Fotografía

Fotografía: Marisol Zurita Aguilera. Isla de Chiloé. Chile.

Cuento: El hombre y su verde caballo de Antonio Márquez Salas

 

 

 

Antonio Márquez Salas (Venezuela, 1919 - 2002)

El hombre y su verde caballo

de: Antonio Márquez Salas

 

I


Apoyando la muleta sobre la tierra encharcada, avanza el indio Genaro por el rojo camino del río. La muleta se hunde profunda en el fango. El sol húmedo de la mañana, el esfuerzo que hace por sacar la muleta del barro mantienen su rostro goteando espeso sudor.

El camino es de greda roja, muy blanda, despedazada por el continuo pasar de recuas. Antes del mediodía el indio se halla casi desfallecido sobre la tierra, mientras la muleta permanece clavada en el fango. El sol llueve sobre la pobre cabeza del indio. Por el rojo camino cubierto de vapores azulosos nadie pasa. El indio se encuentra solo, con su muleta hundida entre la greda que comienza a endurecerse y con el obligado silencio a que somete todas las cosas aquel sol achicharrante. Nadie pasa. Siente la lengua reseca entre las fauces. La humedad del fango podrido lo mantiene aletargado. Mira hacia arriba y aquel azul parece nunca acabar. No hay en él ni una raya blanca. Una nube de moscas ronda el cuerpo del indio Genaro. Hace dos días que ha salido del hospital, mutilado.

Meses atrás, una astilla de leña le levantó la carne hasta el hueso. Genaro se empeñó con los medios a su alcance, por ver la herida seca, la pierna sana.

La herida sanó aparentemente, pero el mal seguía por dentro. Transcurrieron los días y las semanas y la herida no sanaba del todo. Entonces llegó aquella puerca mosca y le agusanó la carne. El dolor fue insoportable. Se arrancó la carne podrida con las uñas, se exprimió la llaga y vio salir gusanos rechonchos, semejantes a frijoles blancos. Eran todos anillados, con cierta dura movilidad. Alrededor de la herida la carne estaba tensa, tenía un brillo azulino.
Desde luego, no pudo trabajar más. Pocos días después se hallaba con la pierna gangrenada, entonces llegaron unos vecinos de más allá del río y lo bajaron en una hamaca hasta el pueblo, donde nada pudieron hacerle, por lo que hubo de ser trasladado a la ciudad. Genaro llegó casi muerto. El mismo hubiera deseado morir. Los ojos, inmensos por la fiebre, se le hundían profundos en las cuencas.
En la ciudad le cercenaron su pobre pierna podrida. Sólo le quedó un pequeño muñón.

II

Los niños juegan con una vieja rueda, escarchada de orín. Rueda abandonada, prestigio del lugar y blasón de la comarca.

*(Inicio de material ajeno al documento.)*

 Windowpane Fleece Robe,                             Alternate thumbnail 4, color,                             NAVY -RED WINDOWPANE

Alrededor de la casa está el sol como un gato echado. El viento enmaraña el pelo de los niños que juegan con la gran rueda del hambre.

Camino abajo se ve llegar, casi a rastras, al indio Genaro. Es un pobre indio viejo. Llega con su único pie. El otro es sólo un muñón lacerado del que aún chorrea sangre. Se le ve llegar con los ojos cansinos. Los niños se disparan sobre él.

 -¡Taita? taita!

Los perros saltan detrás de los niños.

En la cocina se cuecen, al rescoldo, unas batatas terrosas. Casi no hay brasas en el fogón. Los niños tienen hambre, pero juegan con su inmensa rueda de hambre.

-Tenemos hambre.

Detrás de los niños viene una mujer. Es Domitila, la mujer del indio. Camina un poco agachada, con los senos colgantes y los ojos intranquilos. Domitila tiene el cabello grueso y unos enormes pies rajados por la lejía de la tierra. Es una mujer con garrapatas que se prenden en su carne. Siempre tiene un nido de ellas en el fondo de las orejas. En este momento parece un pellejo relleno de paja, con partes gordas y partes flacas.

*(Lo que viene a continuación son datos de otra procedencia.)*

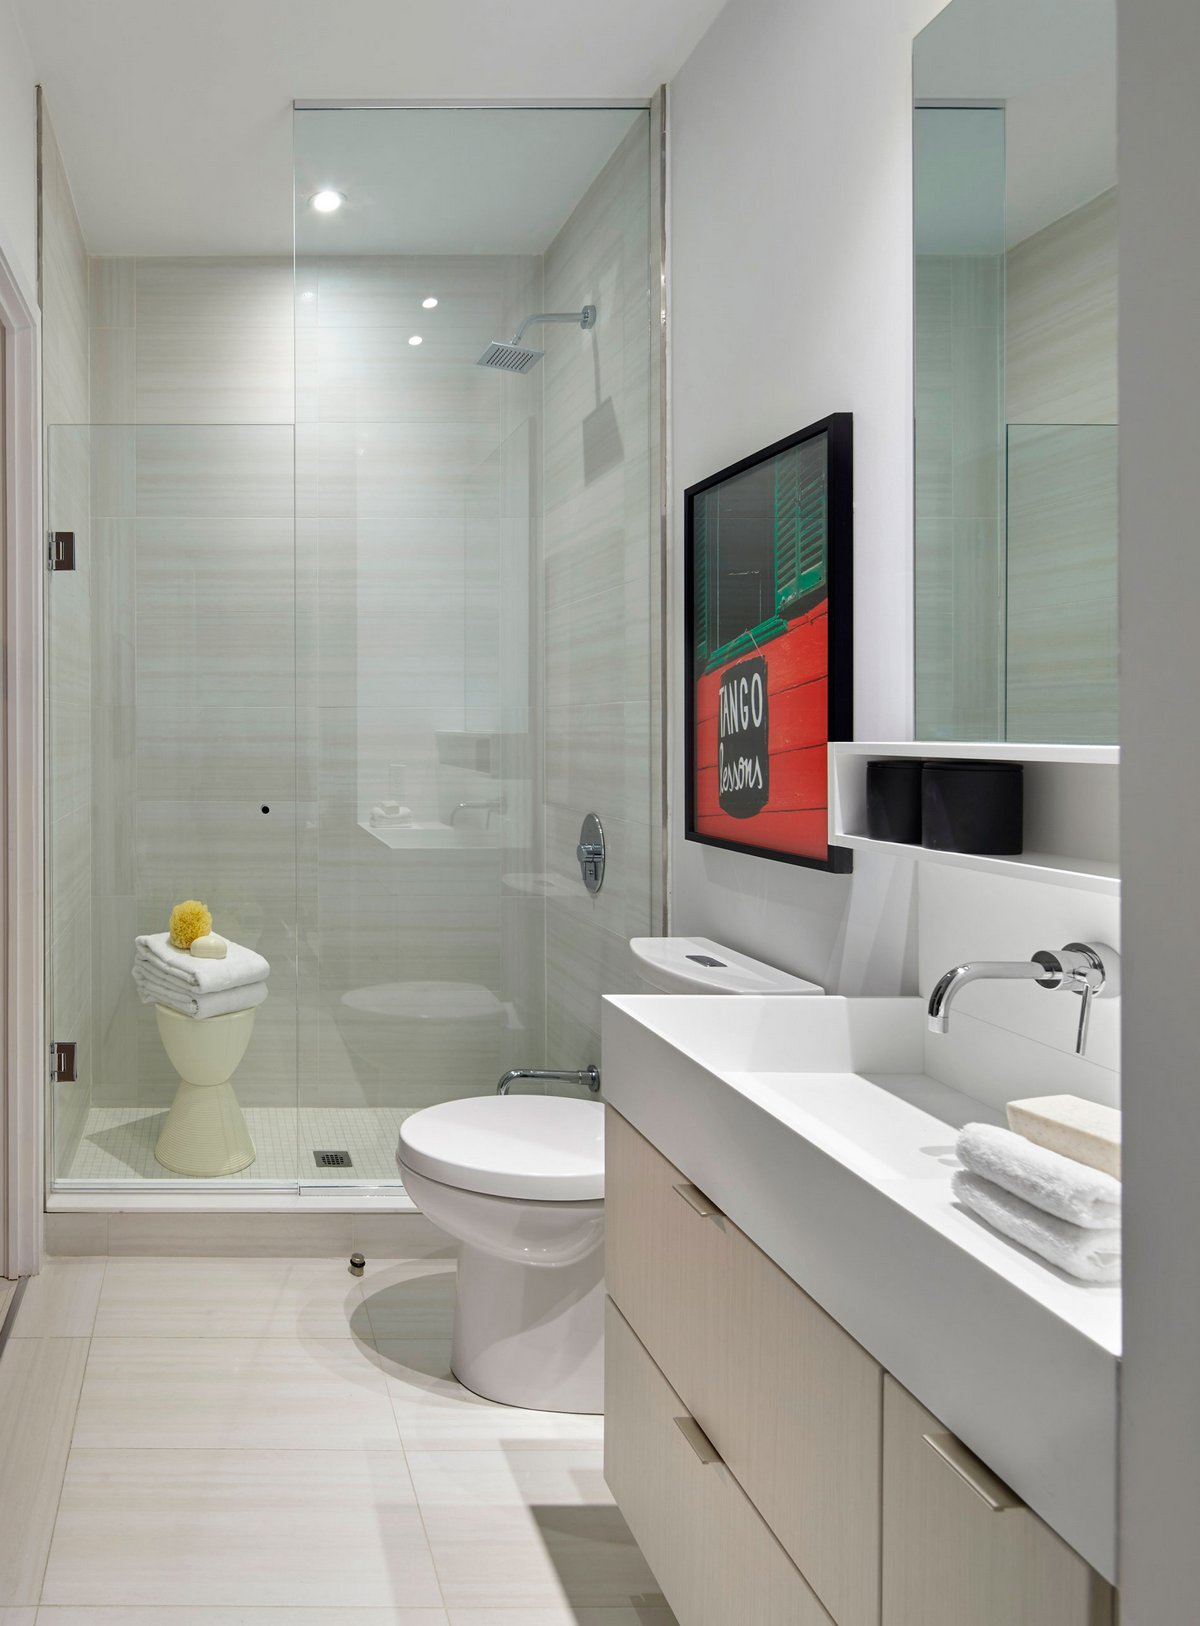 Contemporary bathroom wall art

Pero el indio Genaro llega con una pierna menos. Esto es mucho pedir. Con una pierna menos pero por lo menos llega. Por eso es mucho pedir. Porque los que bajan rara vez vuelven. O vuelven en forma de fantasmas, de apariciones que en las alcobas introducen viejos búhos con piojos, brillantes a la luz de la luna. Pero es un favor de Dios, un verdadero favor de Dios el que Genaro llegue, aún cuando sólo traiga una pierna. Por eso Domitila piensa en eso mientras camina al encuentro del indio que se arrastra por el camino en declive, ansioso de llegar a su rancho. A su rancho de hoja negra, que es como una encía desvestida, como algo lejano para sus ojos de fiebre y legaña. Pero llega. Y no es una ilusión, porque ve los senos flatulentos de Domitila, porque ve chocar las aldabas de rabia contra el vientre que le diera tres hijos que aúllan como perros en medio del lodazal en que se ha convertido su vida.

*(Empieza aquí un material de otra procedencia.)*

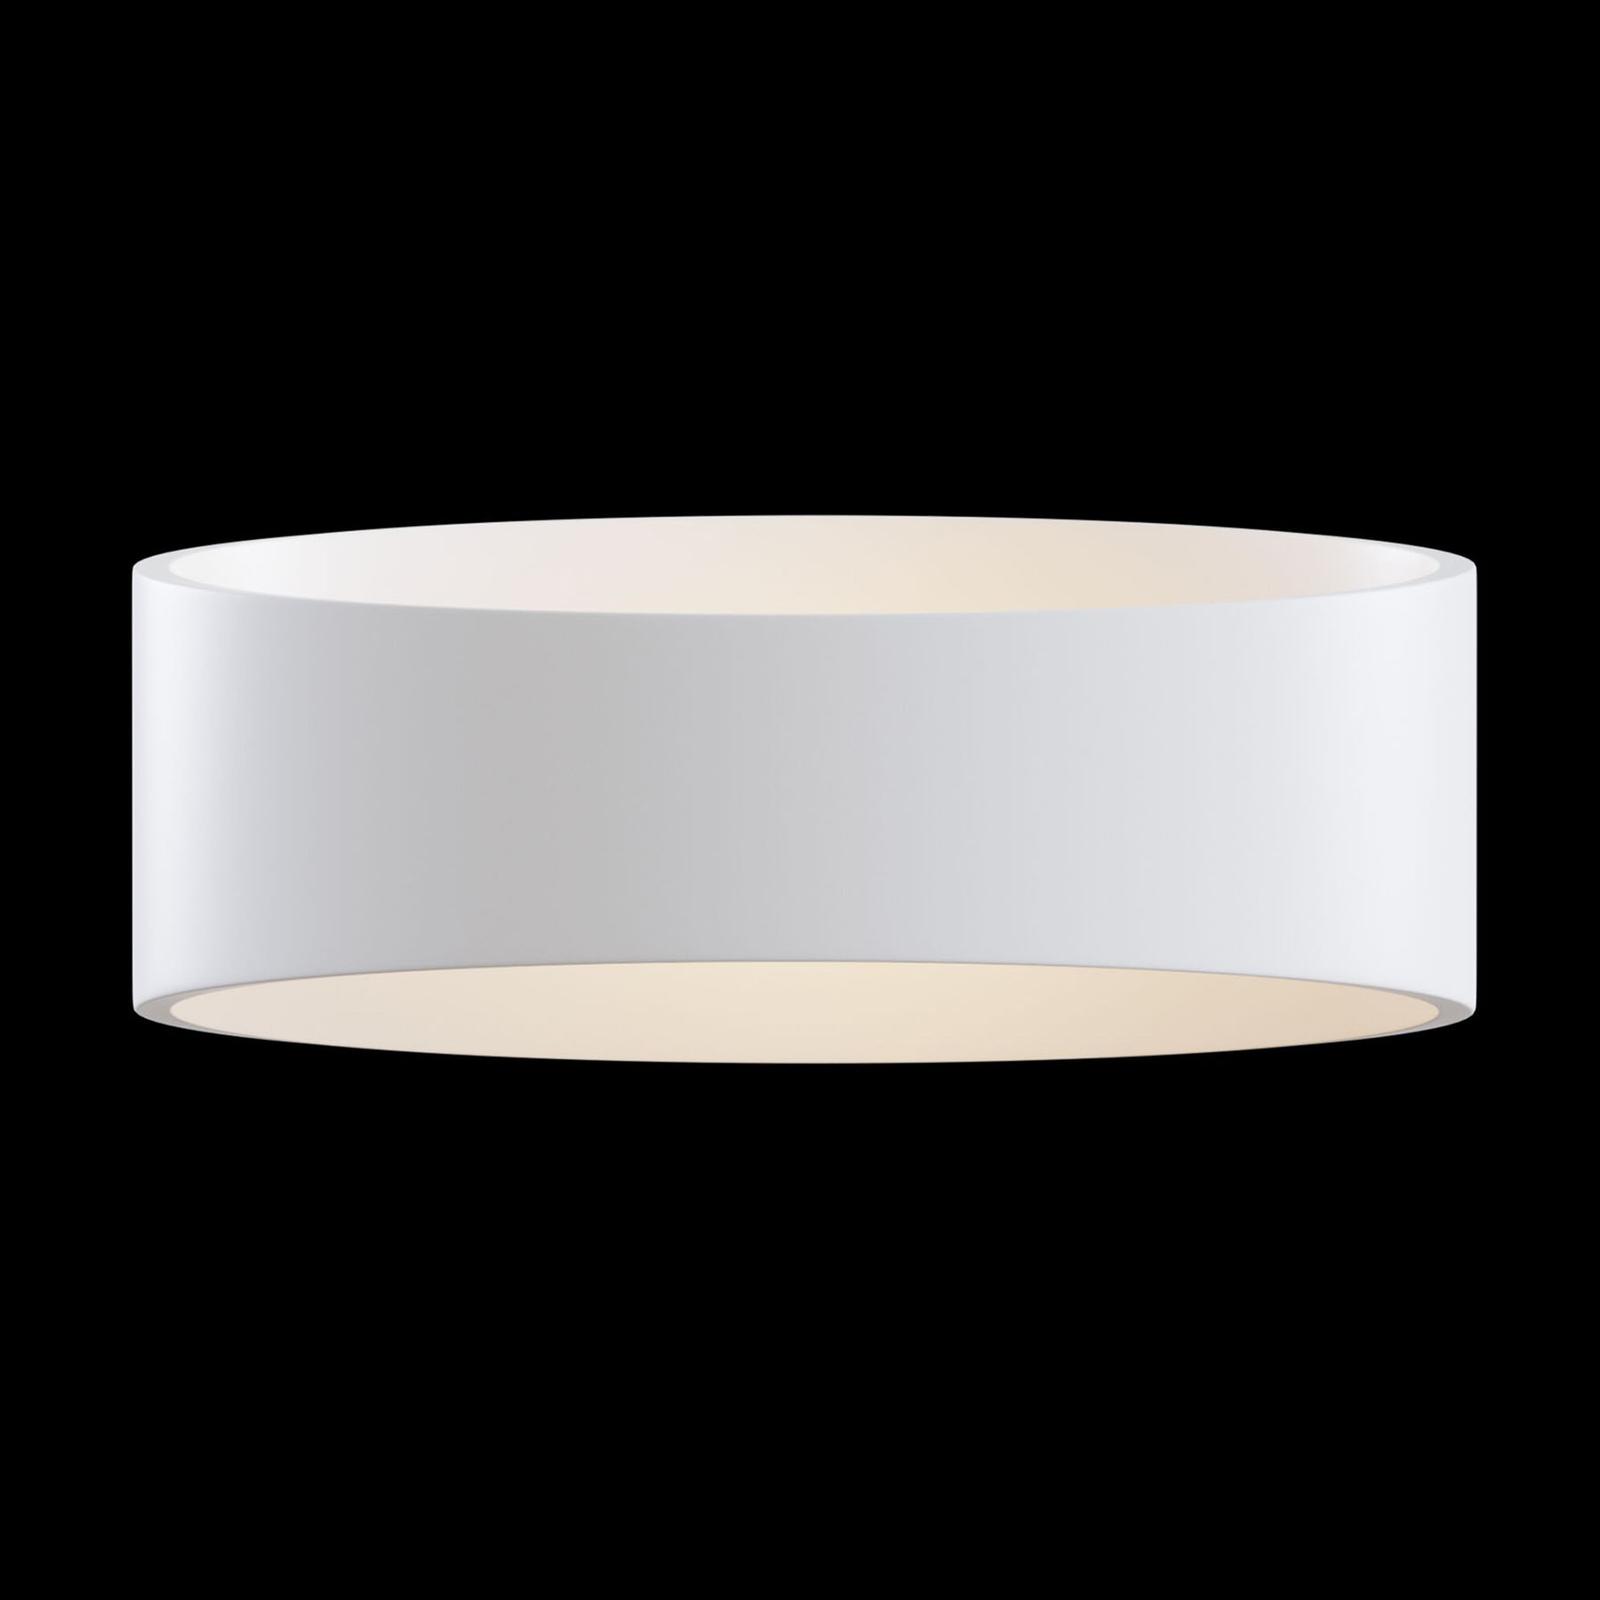 LED wandlamp Trame, ovale vorm in wit

Indio y con una pierna menos.

Alguien le había cogido y largado lejos. La había largado para que los perros le arrancaran la carne a pedazos. Para que los perros o los zamuros, que daba lo mismo, le levantaran los hollejos de los huesos. Para que esos mismos huesos fuesen lavados por la lluvia y aparecieran en cualquier camino y los triturara alguna perdida errante carreta. Para que una pequeña cruz ardiera alguna vez en torno a sus huesos, roídos de impaciencia, que antes lo llevaron a él sobre la tierra mansa y buena.

Ahora, a su alrededor, sólo hay niños y una mujer con los ojos como garrapatas. Los niños chillan, chillan y embeben todo el paisaje en su hambre que chorrea, que gotea por la pelambre de los burros y las vacas, por los terrones ardidos y por las conchas de los árboles sedientos. Y él mismo llega con la nostalgia, es decir, con el hambre de su otra pierna. De la suya diurna y nocturna. De la suya que excavara la barriga del perro, buscando el anillo de oro que éste había arrancado a Domitila mientras dormía.

Cuando se metía en el fango de la ciénaga, sentía bajo su pie, ahora perdido, una alegre comezón que le llenaba toda la sangre; que lo hacía reír a grandes carcajadas, hasta cloquear como un viejo pato. Entonces sentía su gran sexo poderoso hincharse como una fruta de tuna, como una dura vara de carbón fulgurante entre los recios músculos de la fogata.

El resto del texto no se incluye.